But having the task of communicating his subject to us is not quite the same thing as not getting up anyone’s nose. It may be that communicating a particular subject is of the very essence of getting up people’s noses – or at least some people’s noses. That’s just how it is, surely. It’s not possible or reasonable to assume that increased understanding of anything will automatically or necessarily pleasing to absolutely everyone. Increased understanding of anything may lead to feelings of displeasure and consequent hostility. In short, understanding is one thing, and liking is another. So it’s just not necessarily true that Dawkins isn’t doing his job right if he irritates some people (we know he doesn’t irritate all people, since he has a good many admirers).
And I think that his arguing that science and religion are in fact not as compatible as ‘let’s all get along’ people like to claim they are, is part of explaining science. The reasons he gives for thinking they are not compatible (in the first part of ‘The Root of All Evil?’ for instance) make part of an explanation of what science is. The fact that science is always in principle revisable and that religion is not is an important difference between them, and understanding that is, surely, part of understanding science.

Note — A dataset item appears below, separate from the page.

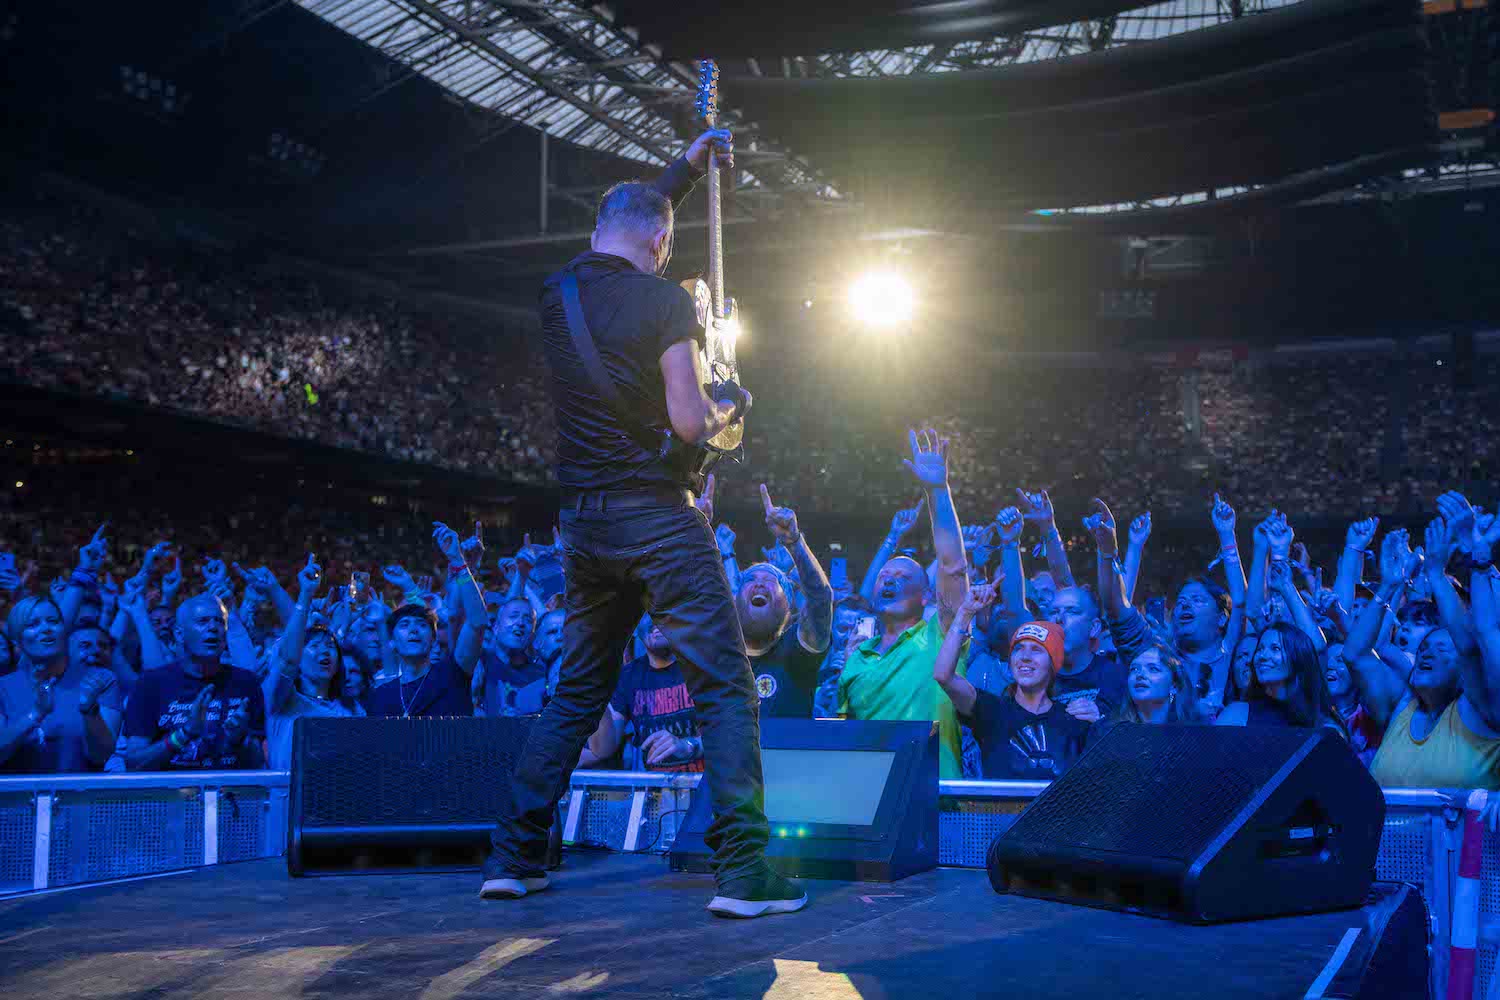 Bruce Springsteen & E Street Band at Johan Cruijff ArenA, Amsterdam, The Netherlands on May 27, 2023.

That’s what I said at Comment is Free. It has since occurred to me that the whole thought is also part of the understanding of science. The understanding that there is a difference between understanding and being pleased is part of the understanding of science, and perhaps the reason science is not compatible with religion. Science by definition doesn’t adjust its findings to make them more pleasing – to make them less likely to get up anyone’s nose; if it does that, it’s not science. Arguably that’s one of the first things one has to get a firm grip on in order to have an Understanding of Science: that it is not and cannot be a popularity contest. Other systems of thought can be, but science can’t.
Mind you – to be fair – the commenter probably meant merely that irritating people can make it difficult to communicate with them, which is a reasonable point. But it also relates to the whole question of tactics, and I think it’s fair to point out that Dawkins is not being perverse in thinking that explaining how science and religion are incompatible is part of increasing public understanding of science.